4. チームの活動再開時期の見通しはどうお考えか
保健所からは、陽性者とその濃厚接触者以外の方の活動はクラブの判断ということを聞いているので、国、リーグのルールを確認し、濃厚接触者ではなければ活動していっていいと認識している。
とは言っても、道義的な部分で全員がPCR検査を受けて安全であることを確認したいと思っています。対戦相手もいることなので、8月23日までにはおそらく独自で検査をした上で臨みたいと考えています。
今日と明日は活動を休止しますが、来週からは十分に配慮をした上で再開していきたい。いずれにしても選手、スタッフの安全を最優先にして慎重に判断していきます。
また、濃厚接触者は3名と言われたが、遡って見ていけばどこまでが濃厚接触者かそうでないかの線引きが難しいのがこのウイルスだと思うので、引き続きしっかり調査しながら、少しでも不安な選手やスタッフがいると判断すれば、十分距離を置きながら、もしくは単独で動くなど対応をしながら、うまくこういった状況を乗り切りたいと考えています。
5. アカデミーやいわきFCパークの飲食店への影響は
アカデミーとの濃厚接触はもちろんありませんし、行動を別にしているので通常通り活動を予定しています。いわきFCパークの飲食店も選手がこの期間に行ったりはしていないため、保健所からも問題ないと言われています。
いわきFCパークは今朝すでに消毒も行なっていて、通常通り営業をしていく予定です。
6. 8月23日の試合は予定通り開催されるという認識で良いか
JFLからもリリースされている通り、現在のところ試合は開催される予定です。
7. 現在誰が感染してもおかしくない世の中ではあるが、今後の感染対策としてはどのように考えているか
施設としては消毒を再徹底することはもちろん、これまで行なってきたルール(消毒、検温、行動記録の報告)、外食の控えることなどを再度徹底していきます。

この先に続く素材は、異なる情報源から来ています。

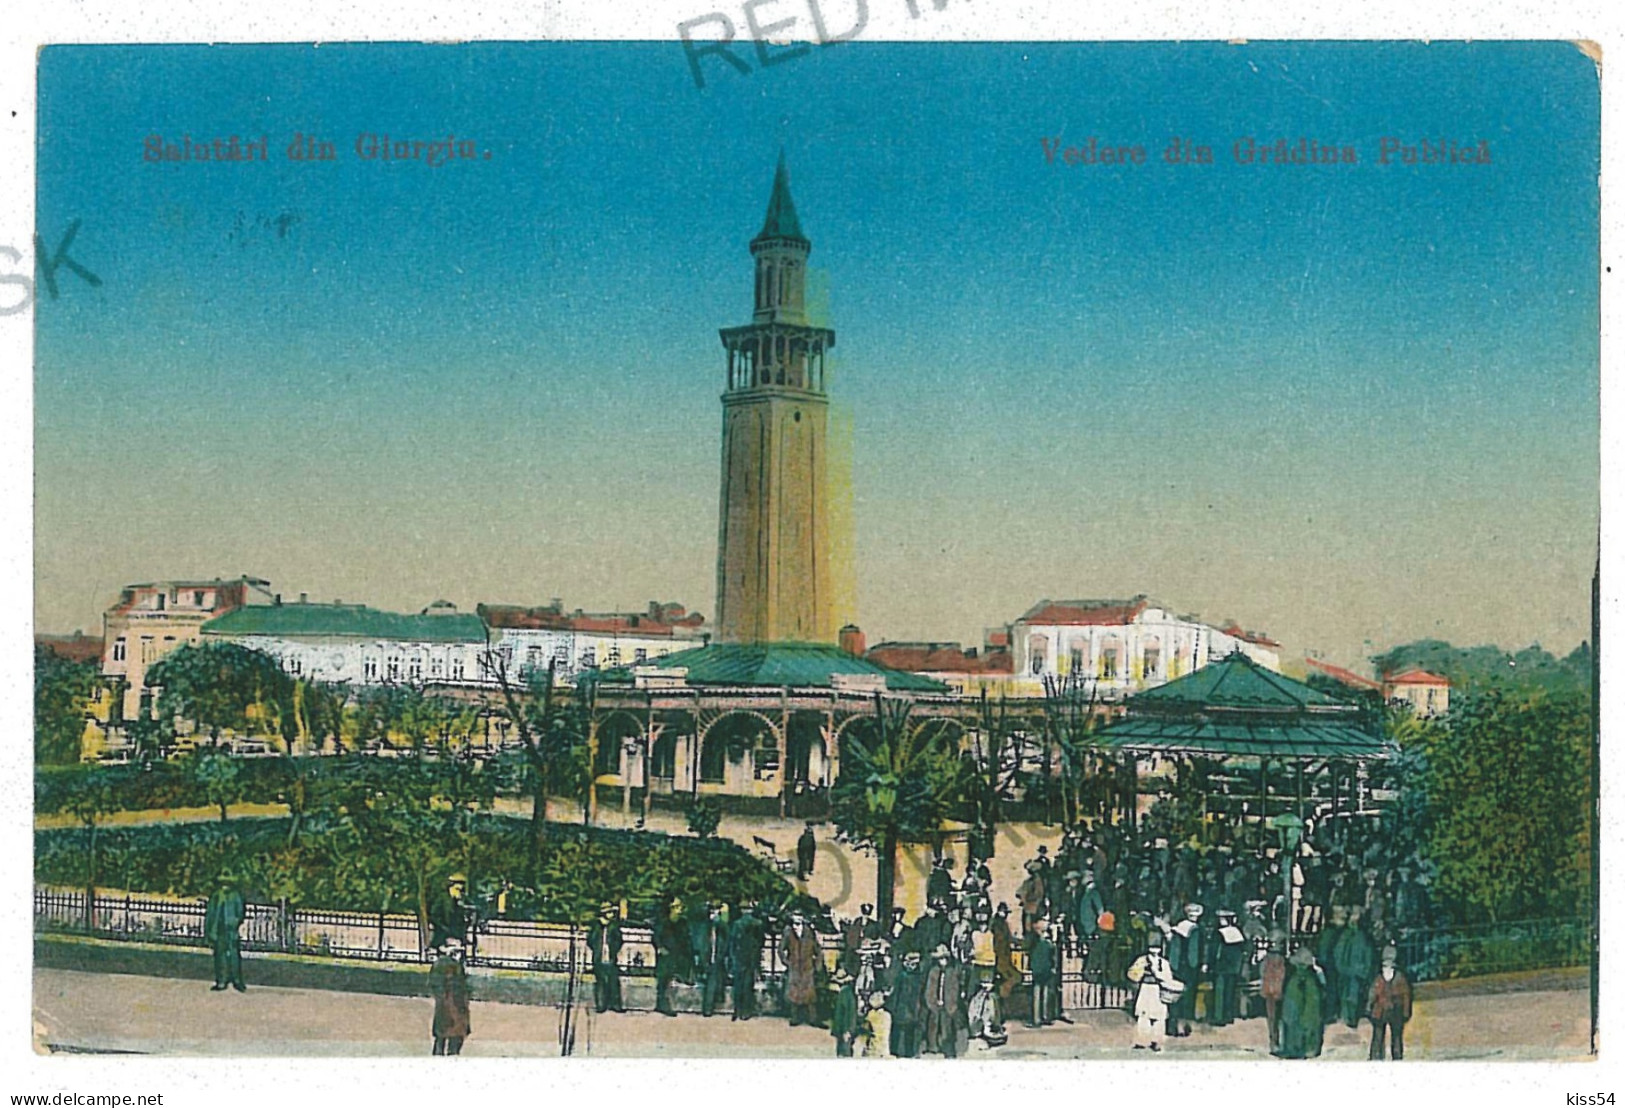 RO 36 - 10393 GIURGIU, Firemen Tower, Romania - Old Postcard - Used - 1923 - Romania

ポイントは体調が少しでも良くないなと感じた時に正直に報告すること、見逃さないということが本当に重要だなと今回身に染みて実感しているところです。選手スタッフ関係者がもう一度徹底するしかないと思っています。
8. 改めて今後の活動にあたってどのように取り組んでいくか
今、日本を含め全世界がコロナウイルスの感染拡大が進んでいて、身近に感じつつも実際に自分たちが当事者となってしまいました。これまでも、「こうなった世の中で経済を立て直すためには文化・スポーツの力が大事。私たちが試合を通じて皆さんに元気を届ける」という気持ちで活動してまいりました。その気持ちは今も変わりませんので引き続き強い気持ちを持ってやっていきたいと思います。そのためには、まず安全、安心が第一だということを身に染みて実感している次第です。
今後もクラブのルールを徹底し、そして福島県のルール、国のルールに従い、しっかりと対応していきたいと思います。
冒頭でもお伝えしましたように、withコロナの新しい生活様式のなかで、私たちはお客様と近い立場で商売をしています。少しでも安心して応援してもらえるよう、十分な対策を行なった上で活動していきたいと思います。引き続き、よろしくお願いいたします。